Deborah Jean Palfrey walks alongside her attorney.
Photo: AP / Chris Greenberg At first look, the "D.C. Madam" case had all the elements of a juicy political scandal. A feisty broad. A foot-high stack of phone records. A State Department official who resigned suddenly after admitting that he hired escorts to give him massages.

The "madam" in question, California-based Deborah Jeane Palfrey, has been charged with running a prostitution ring in Washington, D.C., thinly disguised as an escort service known as Pamela Martin and Associates. She pleaded not guilty and declared that her clients would testify that they did not have "illegal" sex with the escorts. To flush those clients out, she sent 46 pages of phone records to ABC.

Raise your hand if you are surprised that people with money, power or both spend some of it on sex. Okay, now all five of you head over to Cute Overload. The rest of us will join you in a few.

When you get right down to it, the scandal isn't all that scandalous. Even ABC, promising a shocking exposé of the names behind the phone numbers, admitted after some research that few of the men on the list were anywhere near "newsworthy."

Apparently they didn't find the elected officials or larger-than-life public figures they expected, and other than former United States Global AIDS Coordinator Randall Tobias, none of the clients was internationally promoting abstinence, marriage and monogamy as The One Right Path.

It's easy to automatically disbelieve Tobias when he says he hired the escorts to come over and give him massages but not sex.

It's also tempting to accuse Palfrey of splitting hairs when she describes the difference between prostitution and erotic escort services. She asserts that while her subcontractors -- the escorts -- were expected to perform sex-related activities during client appointments, they did not participate in "illegal" acts, which she defines as "intercourse of any kind or oral sex." Instead, she describes her business as an "adult sexual fantasy service."

Before you roll your eyes, think about what we now know about adult sexual fantasy. Even if you've never ventured into adult communities, you've heard about the creative ways in which people bring fantasy to life online with video conferencing, 3-D worlds, chat rooms, even online dating.

We know, now, that people are having all kinds of sexual experiences that do not include intercourse or oral sex. Satisfying experiences. Orgasmic experiences. Deeply emotional or pleasantly physical or both.

It takes a commitment to engage your mind and accept the parameters or limitations of the interaction, but once that happens, bodies respond without being touched.

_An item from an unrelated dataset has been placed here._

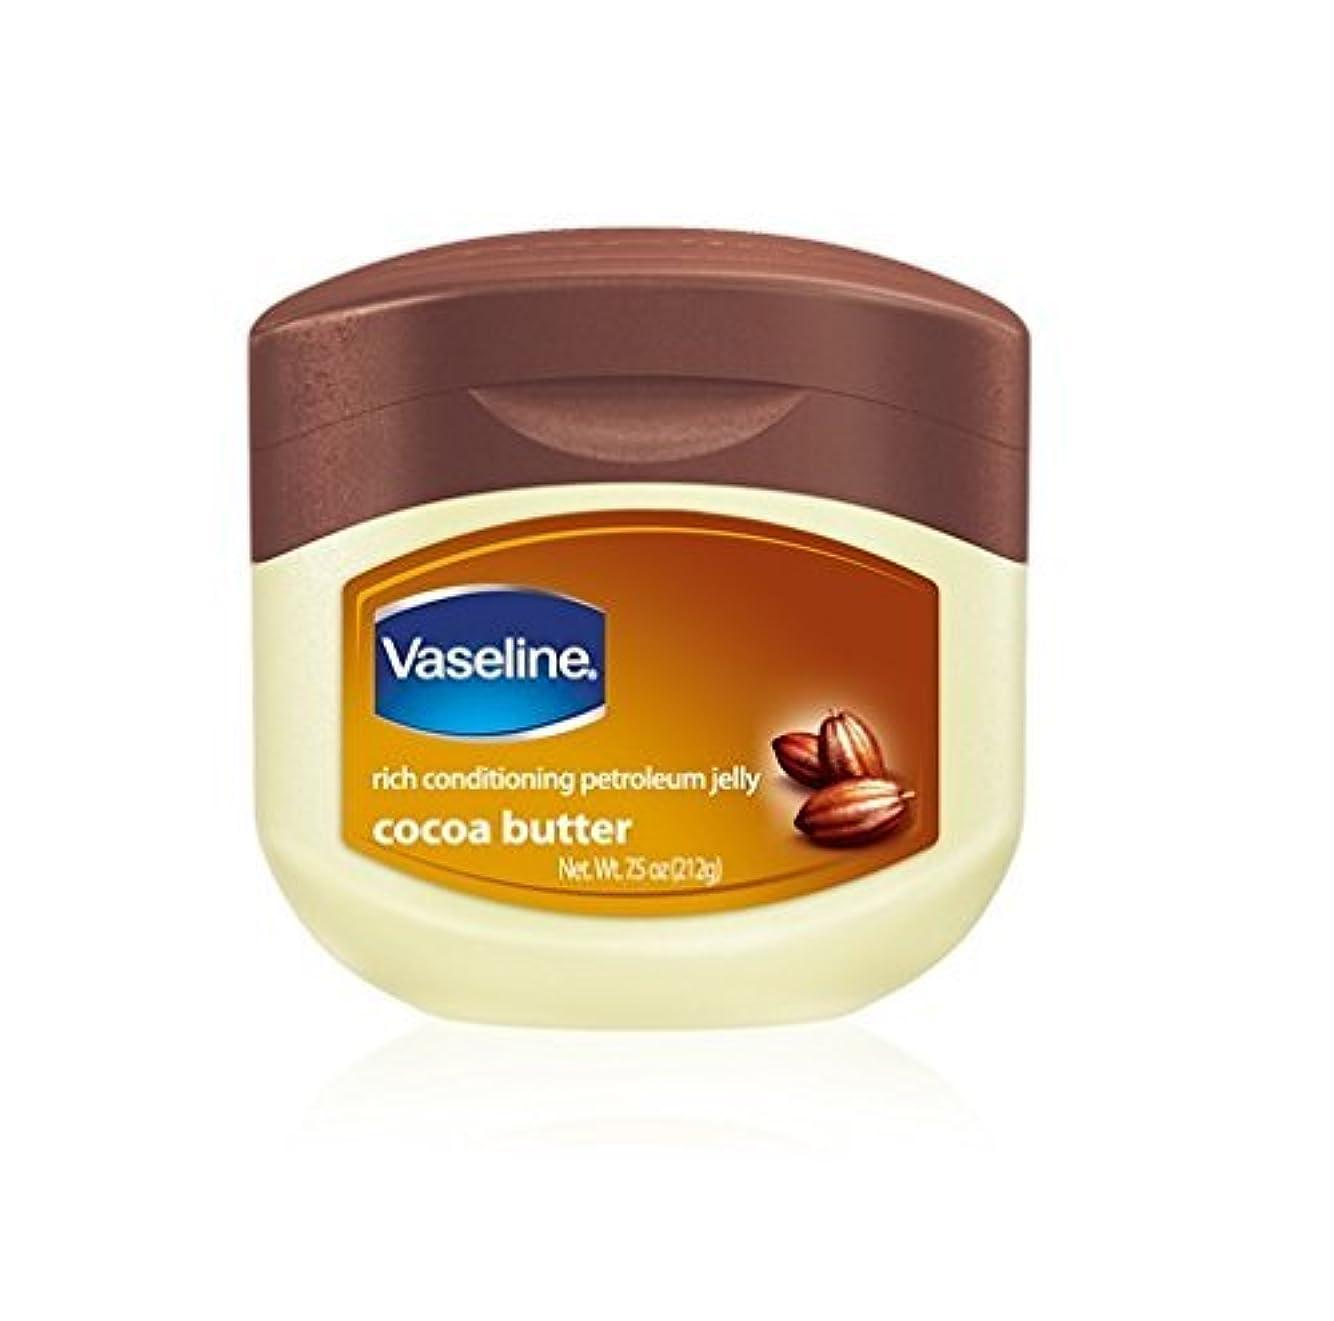 フォアマンレタッチスリップシューズVaseline Jelly Cocoa Butter for_dry_skin 220 ml [並行輸入品]

If you can have mind-blowing sex without being in the same room as the other person, why couldn't you have an intense session with an escort that stays on the legal side of the line between fantasy or entertainment and prostitution? Unfortunately, without documentation of some kind, you can't prove it. And Palfrey was quite vocal about not keeping records.

Her regular newsletters to her team of escorts -- which are distressingly disrespectful, calling them "bimbos" and "damned fools" -- repeatedly exhorted the women to destroy any notes about the appointments, and to prevent clients from taking cell-phone pictures and videos during the session.

Ironic that Palfrey now believes her records will save her from conviction.

I wonder if clients and escorts alike would be better protected if they did document each appointment. If not in video, which can have inhibiting effects that destroy the fantasy the client wanted in the first place, then at least a write-up of exactly what transpired. Store it privately but drown 'em in data if they come after you.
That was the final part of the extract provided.